The lack of these shows has constrained the growth of cable VOD at the same time OTT vendors like Netflix and Hulu have entered the on-demand video market and experienced dramatic growth.

At least in the case of Comcast, growth in average VOD usage per VOD accessible household has actually stalled out, running flat for the past four years. This is not to single out Comcast; it's just that it has been the most forthcoming with public releases of metrics on VOD usage.

Comcast VOD service is now available to its 20 million digital cable subscribers and, according to Comcast, averages 350 million VOD views per month. This means the average Comcast VOD-capable household averages 17.5 views per month. Compare this to past periodic Comcast VOD metrics in press releases, earnings calls, and executive conference presentations, and it shows Comcast's views per VOD capable household grew until mid-2007 and then stopped growing, holding in the 18-20 views per month range since.

During the past four years, while Comcast's per household VOD usage has stopped growing, significant growth has occurred for premium on-demand video enabled by Internet video delivery and OTT models.

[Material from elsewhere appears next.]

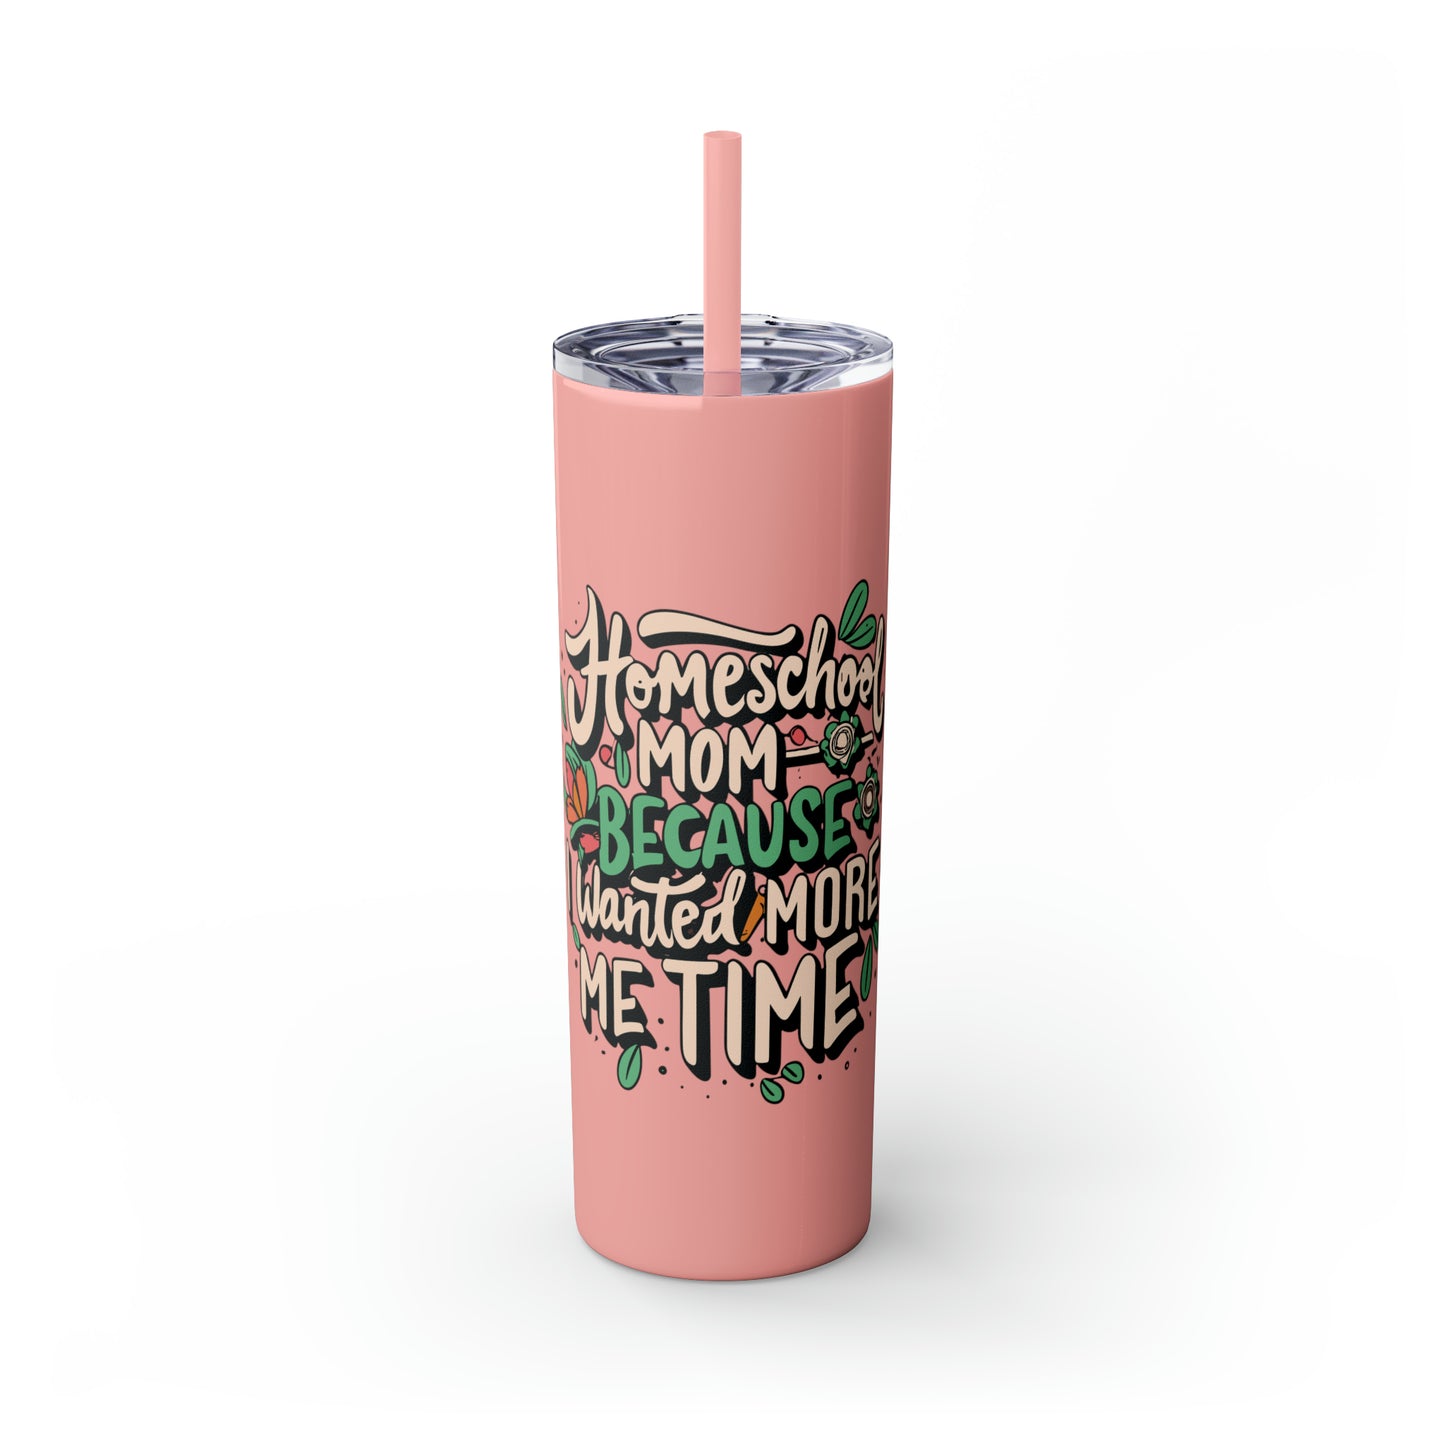 Homeschool Mom Skinny Tumbler with Straw - "Homeschool Mom Because I Wanted More Me Time"

  • Netflix has used Internet streaming to drive subscriptions to 24 million, more than Showtime or Starz and likely soon to pass HBO.

  • Hulu's CEO Jason Kilar estimated in a recent blog post that the company would generate $500 million in revenue in 2011 (up from 2010's $263 million—an easy assumption to make is that almost all of these revenues are from advertising). Considering that cable VOD ad revenues in total are likely in the $100-$200 million range, Hulu's $500 million in on-demand video advertising revenue has probably gotten the attention of TV and cable executives who see ad sales as a zero-sum game.

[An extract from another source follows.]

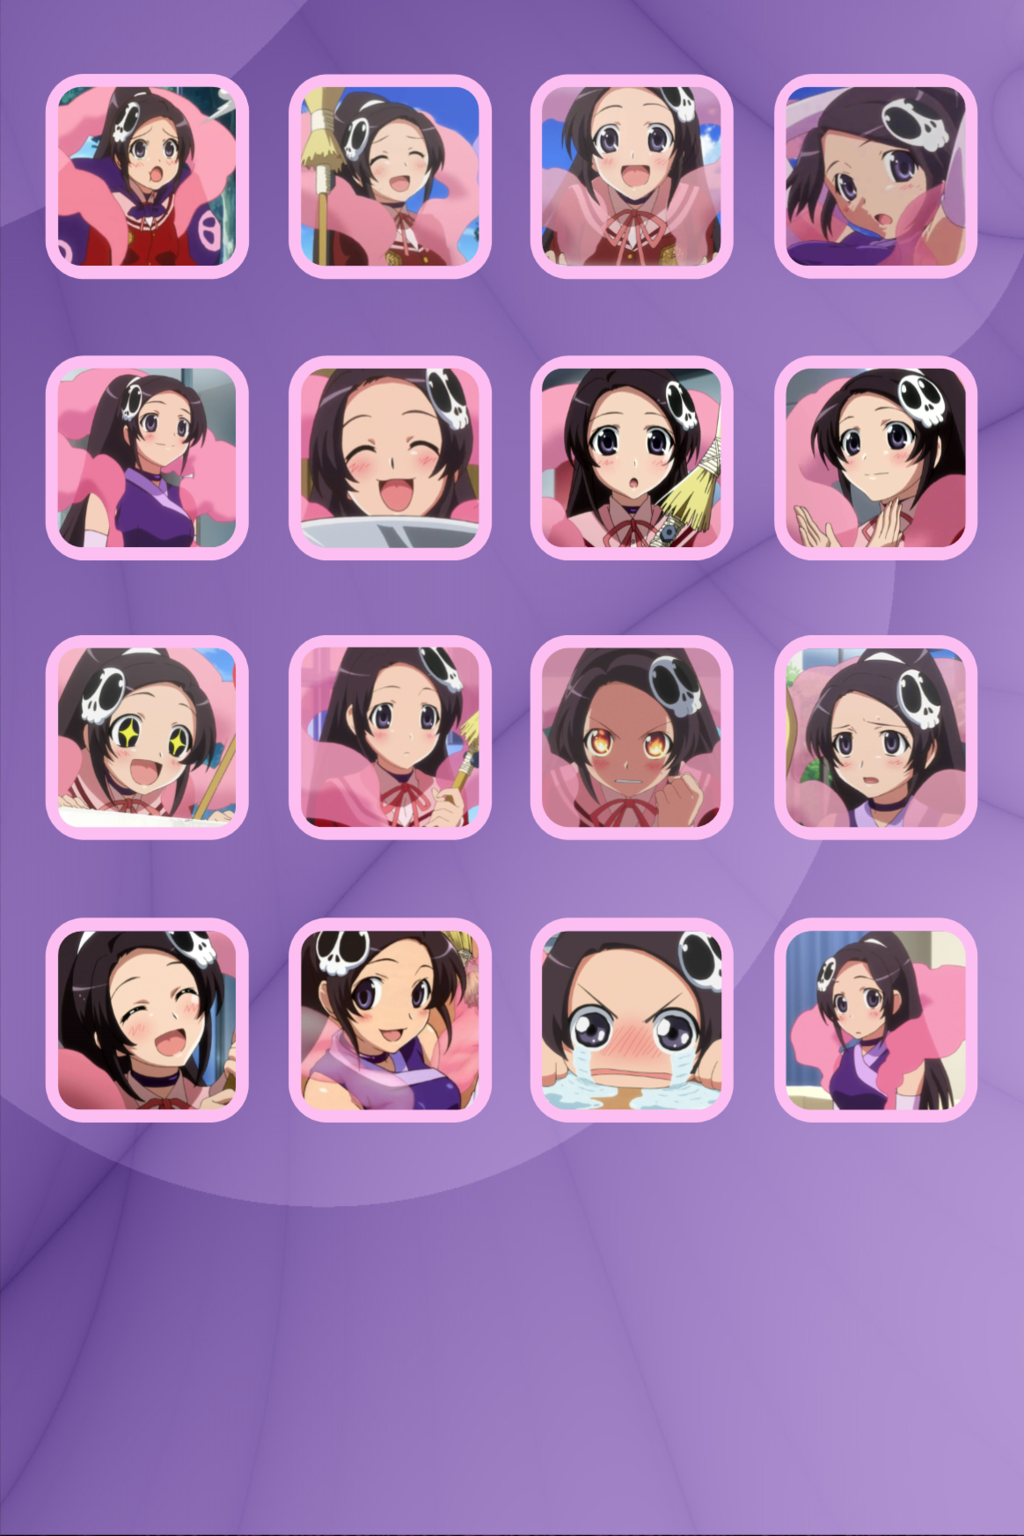 The world god only knows - Elsie Ipod wallpaper by QuarianDerpy on ...

  • As well, DISH and DIRECTV have established themselves as VOD providers via Internet-provisioned services delivering video to their DVR set top boxes.

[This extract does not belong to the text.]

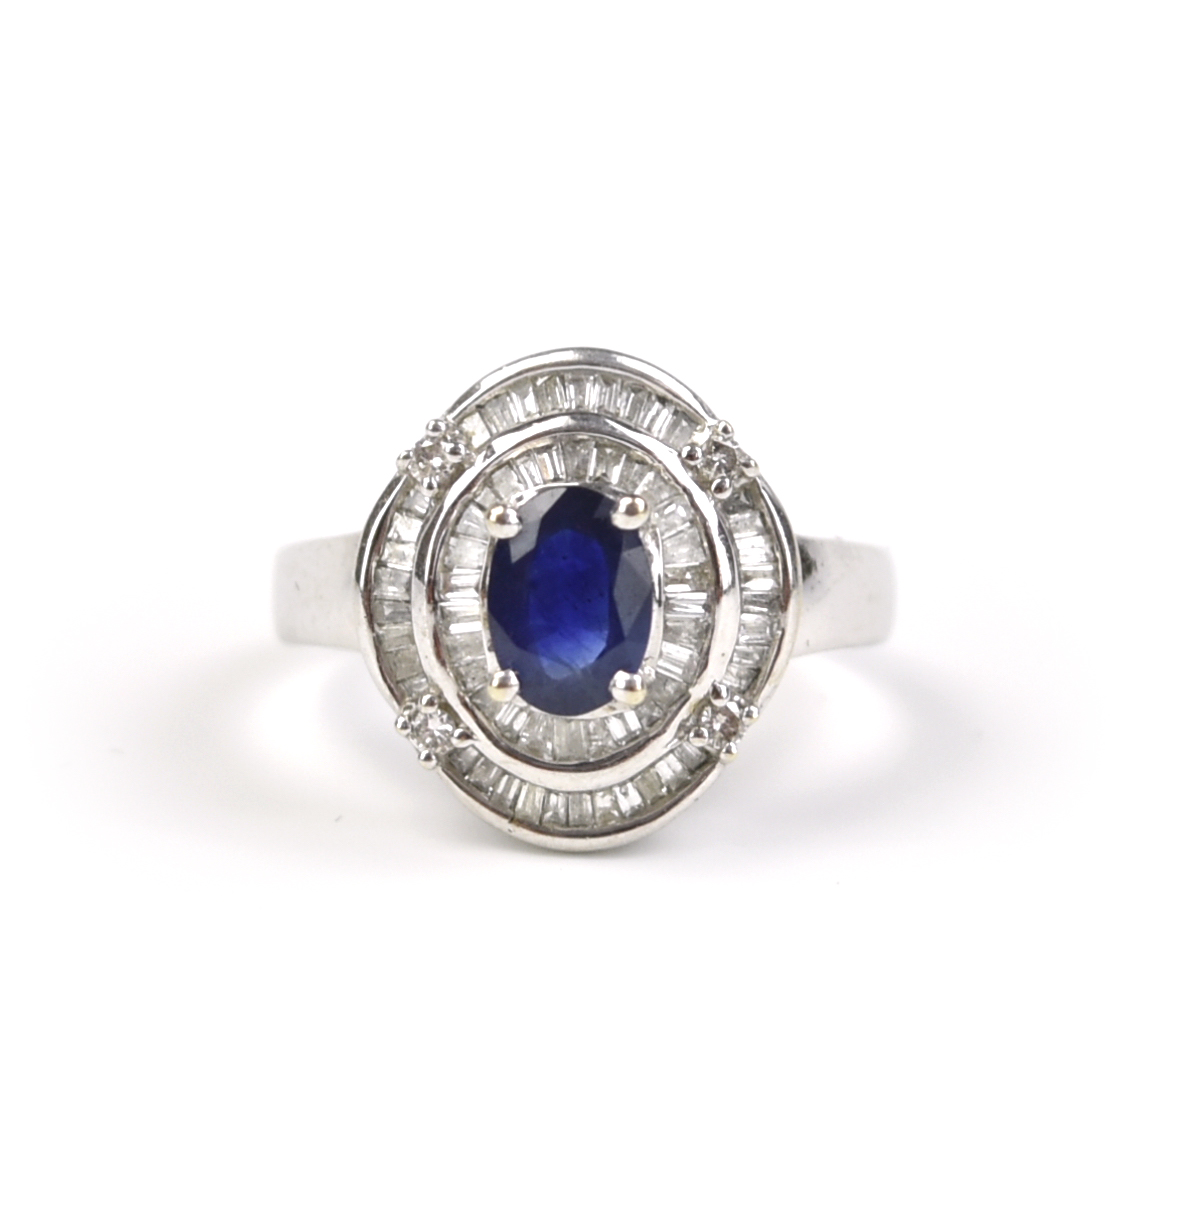 A BLUE SAPPHIRE RING WITH DIAMONDS

Deploying dynamic ad insertion and effective measurement is a key step for MSOs in getting cable VOD "back in the game" to compete for consumer usage and advertiser revenues. Of course, the issue of the poor search and discovery afforded by cable STB program guides—barely updated since the advent of digital cable—needs attention (operator-deployed PC, smart TV, and iPad apps can provide a near-term workaround for some of an operator's subscriber base).

The fact that Comcast is finally strengthening VOD as an ad-supported TV platform is one more indication that OTT models are having a real impact on the business of TV. No doubt other cable operators will follow Comcast’s move, and in turn OTT providers will be impacted. A better portfolio of ad supported TV shows on cable VOD provides stronger competition for consumer and advertiser dollars, reinforces the already strong network/operator carriage relationship, and likely raises the costs for on-demand TV content deals, as well.

Towards open disclosure - Bill Niemeyer was a past employee of BlackArrow and owns stock in the company. BlackArrow is a vendor of advanced video advertising technologies, including for VOD. Comcast is an investor in BlackArrow and has an announced deployment of BlackArrow VOD advertising technologies in Jacksonville, FL.